Jednym z zadań graczy było złapanie pokemonów tyle samo z każdego rodzaju. Złapana została nie wystarczająca liczba pokemonów i tu nawet zaliczyli wtope, chcąc pomóc graczom nie zauważalnie postanowili zwiększyć liczbę złapanych pokemonów.
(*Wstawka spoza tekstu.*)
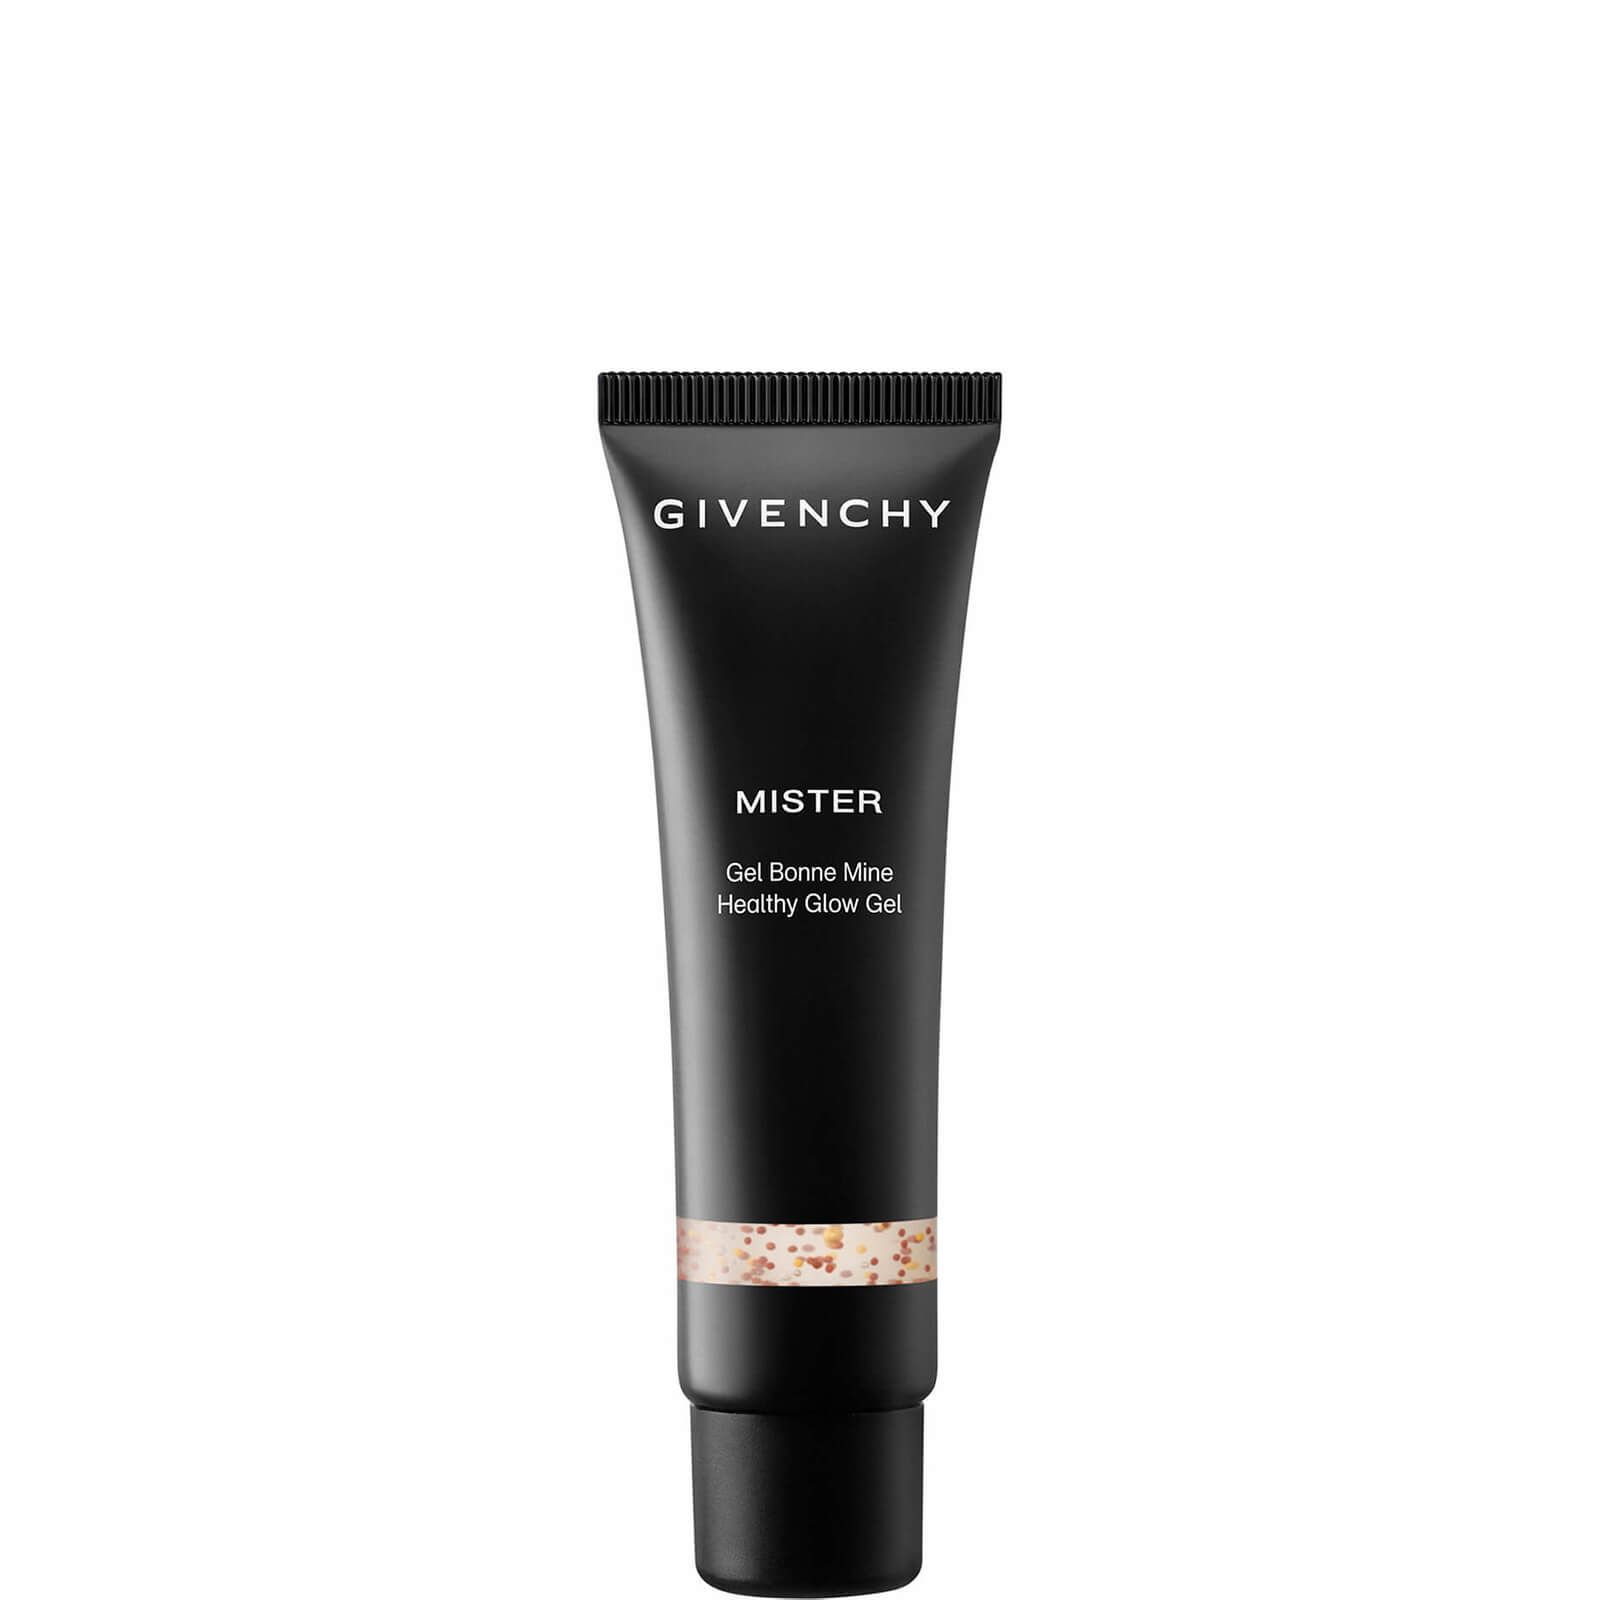 Givenchy Mister Healthy Glow Gel 30ml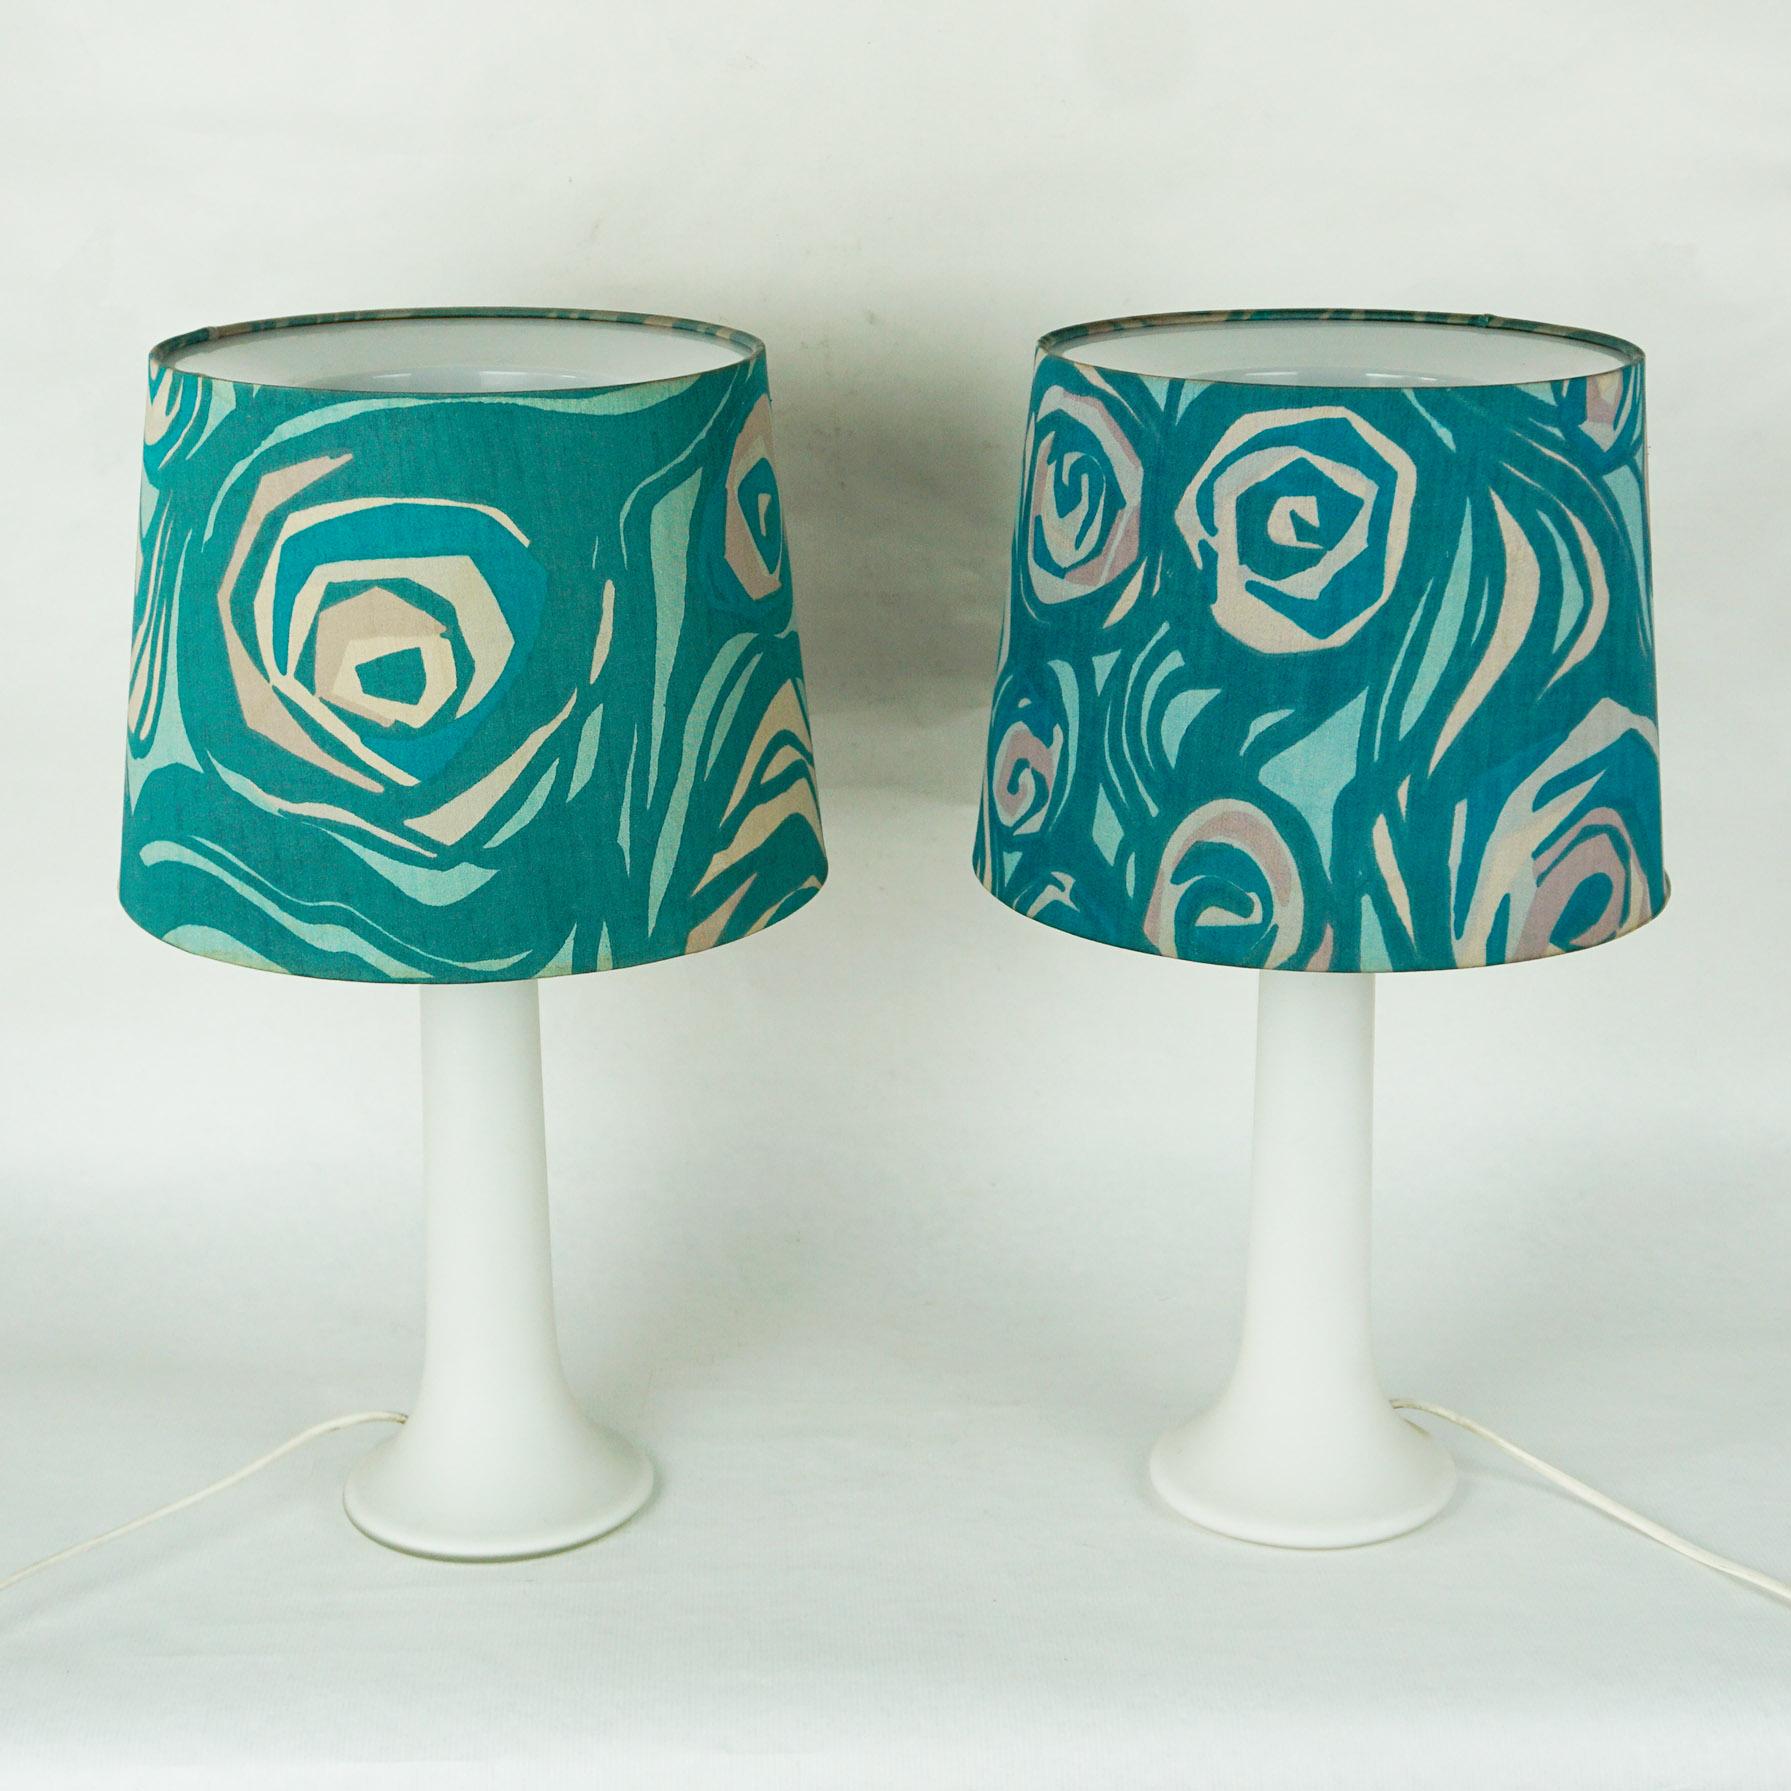 Very rare pair of 1960s glass table lamps with original blue floral fabric lampshades by Luxus Vittsjö, made in Sweden, designed by Uno and Osten Kristiansson. Beautiful high quality Scandinavian design. The bases are made of thick overlay white

Ttu chyba jednemu z pracowników zabrakło drugiego monitora aby niezauważalnie zmniejszyć ilość złapanych pokemonów.
Wszystko było widać na telewizorach, co spowodowało śmiech uczestników wydarzenia - w skrócie zostało to wyśmiane.

Po całym wydarzeniu nie zadowoleni uczestnicy powinni wrócić do domów (ze zwróconymi pieniędzmi za bilety + waluta w grze) - i tak było.
Przeprosiny niantic jednak nie wystarczyły i dlatego wśród graczy znalazły się osoby, które planują pozew zbiorowy.